Is cabin fever a real psychological condition?

“Cabin fever isn’t included in the Diagnostic and Statistical Manual of Mental Disorders (DSM 5), so it isn’t technically a diagnosable psychological or psychiatric condition,” says Arroll.

“However, it can be viewed as a syndrome (a set of symptoms), characterised by a restlessness and impatience, lethargy, low mood and motivation, cognitive issues such as problems with concentration, sleep issues including problems with sleep initiation and maintenance.”

Arroll says daytime sleepiness and desire to nap can be symptomatic of cabin fever, as well as food cravings, changes in weight and difficulties in coping with stress. “This is all rooted in a sense of isolation from the world,” she adds, “stemming from restricted activities, like those being imposed during the current government lockdown.”

Why are some people able to cope more easily than others?

“Many things affect our ability to cope emotionally and psychologically, including trauma, whether early or later in life, a predisposition for mental health issues, personality characteristics such as perfectionism and cognitive patterns such as catastrophising, which drain mental strength,” explains Arroll.

She adds that “having experienced events which make you feel that life is outside of your control, such as losing a loved one, bullying, abuse and unemployment,” can also play a role in resilience.

Some people also find social distancing more difficult than others if they’re isolating on their own.

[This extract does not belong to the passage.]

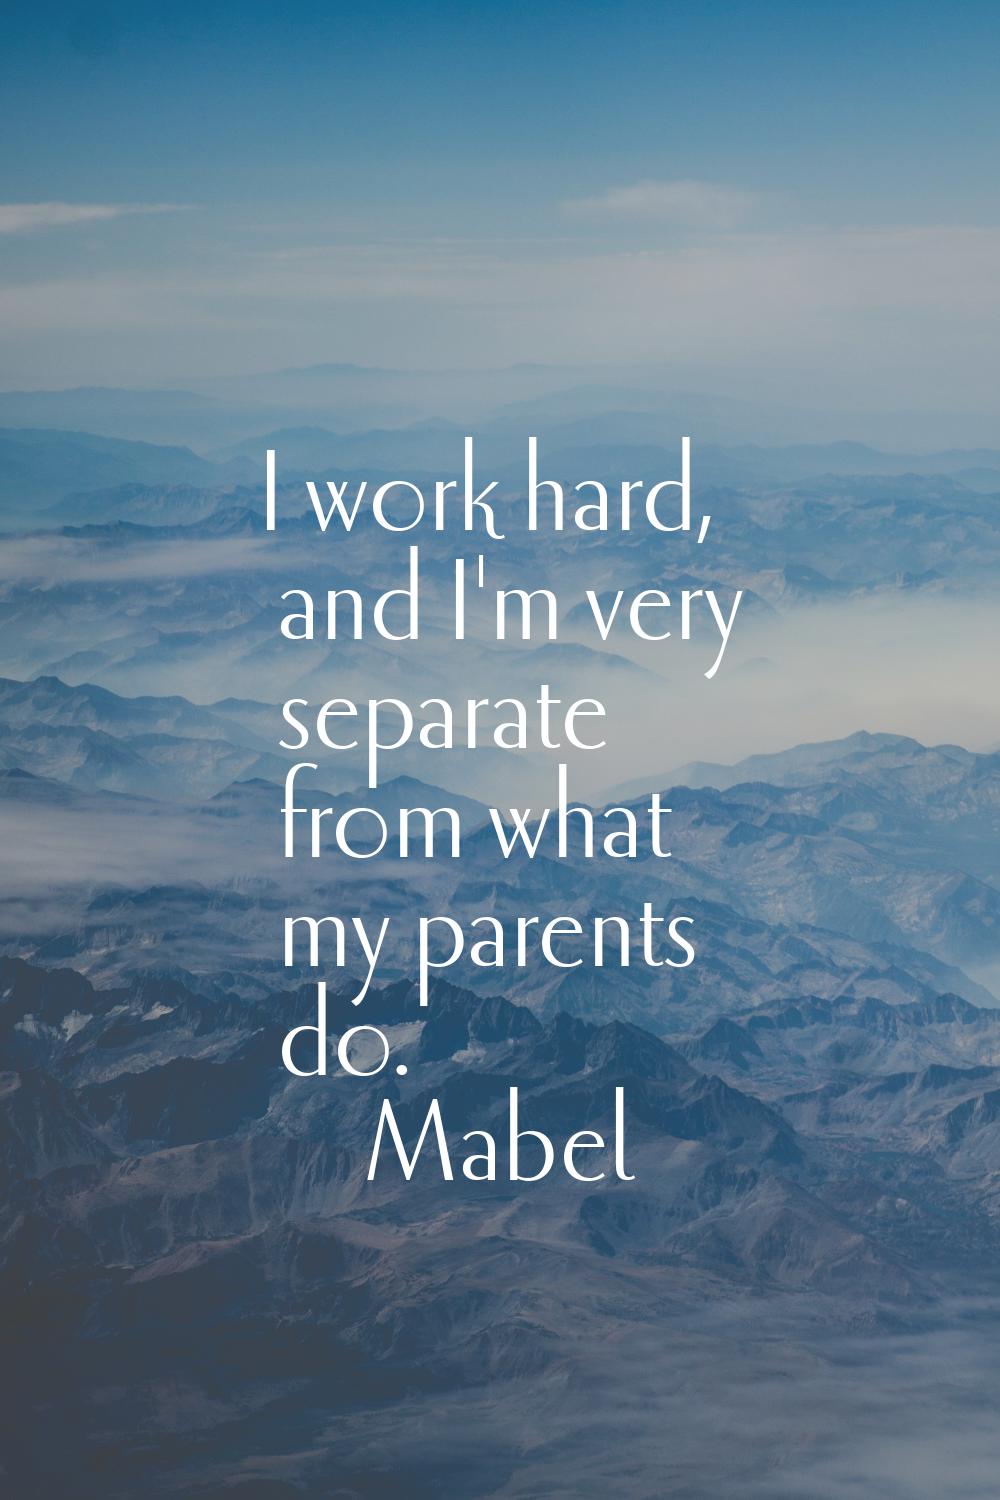 I work hard, and I'm very separate from what my parents do.

Living with friends, a partner or family members can help you continue to feel connected to others, while social gatherings remain prohibited. 

What coping mechanisms are helpful for someone struggling with cabin fever?

1. Embrace the uncomfortable sensation

“We often try to escape or ignore uncomfortable feelings, which tend to magnify them,” says Arroll. “Instead, turn the tables on cabin fever and view each sensation through a lens of inquisitiveness – ask yourself what each sensation feels like in your body, is it in certain areas (the head, chest, limbs for example), can you give it a colour, name or character?

“By investigating each sensation, you will grow accustomed to it and the negative influence these symptoms have can diminish.”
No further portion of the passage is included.